### WHAT TO WORK ON
Give the number of lines in the records below that include the word "Black", and add nothing to it.

GIVEN RECORDS Block Start

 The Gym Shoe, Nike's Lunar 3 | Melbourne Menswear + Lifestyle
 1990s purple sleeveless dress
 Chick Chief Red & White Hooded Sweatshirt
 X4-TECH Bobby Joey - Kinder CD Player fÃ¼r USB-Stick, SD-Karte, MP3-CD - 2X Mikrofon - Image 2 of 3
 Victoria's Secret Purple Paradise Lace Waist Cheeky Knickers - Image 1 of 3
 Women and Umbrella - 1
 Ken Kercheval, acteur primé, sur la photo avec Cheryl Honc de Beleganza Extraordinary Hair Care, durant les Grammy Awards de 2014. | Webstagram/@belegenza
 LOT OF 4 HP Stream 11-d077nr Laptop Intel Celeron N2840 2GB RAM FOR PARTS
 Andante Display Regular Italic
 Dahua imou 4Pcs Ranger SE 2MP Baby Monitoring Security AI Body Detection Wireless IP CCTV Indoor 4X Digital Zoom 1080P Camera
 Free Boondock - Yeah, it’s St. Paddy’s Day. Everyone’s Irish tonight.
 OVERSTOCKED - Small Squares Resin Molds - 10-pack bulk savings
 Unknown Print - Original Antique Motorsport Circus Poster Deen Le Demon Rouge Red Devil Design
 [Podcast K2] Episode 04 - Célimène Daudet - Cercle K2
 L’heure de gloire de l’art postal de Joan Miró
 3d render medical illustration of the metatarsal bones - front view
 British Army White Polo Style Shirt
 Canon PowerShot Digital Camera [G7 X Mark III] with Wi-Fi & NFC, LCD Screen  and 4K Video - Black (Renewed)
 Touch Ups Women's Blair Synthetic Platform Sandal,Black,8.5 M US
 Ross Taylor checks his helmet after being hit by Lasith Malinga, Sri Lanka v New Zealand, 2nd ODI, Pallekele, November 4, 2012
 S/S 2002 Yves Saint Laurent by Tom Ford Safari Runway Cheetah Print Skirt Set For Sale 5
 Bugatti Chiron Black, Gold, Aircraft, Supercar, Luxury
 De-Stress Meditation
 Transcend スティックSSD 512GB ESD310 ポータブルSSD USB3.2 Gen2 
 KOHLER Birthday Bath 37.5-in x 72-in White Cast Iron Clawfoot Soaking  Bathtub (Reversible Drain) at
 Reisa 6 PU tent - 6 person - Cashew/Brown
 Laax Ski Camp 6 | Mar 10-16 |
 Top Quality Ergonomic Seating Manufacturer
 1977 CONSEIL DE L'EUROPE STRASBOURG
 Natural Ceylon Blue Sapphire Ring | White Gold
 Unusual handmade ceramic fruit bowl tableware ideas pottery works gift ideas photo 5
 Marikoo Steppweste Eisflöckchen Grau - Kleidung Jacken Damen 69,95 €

GIVEN RECORDS Block End

### SOLVED EXERCISE
3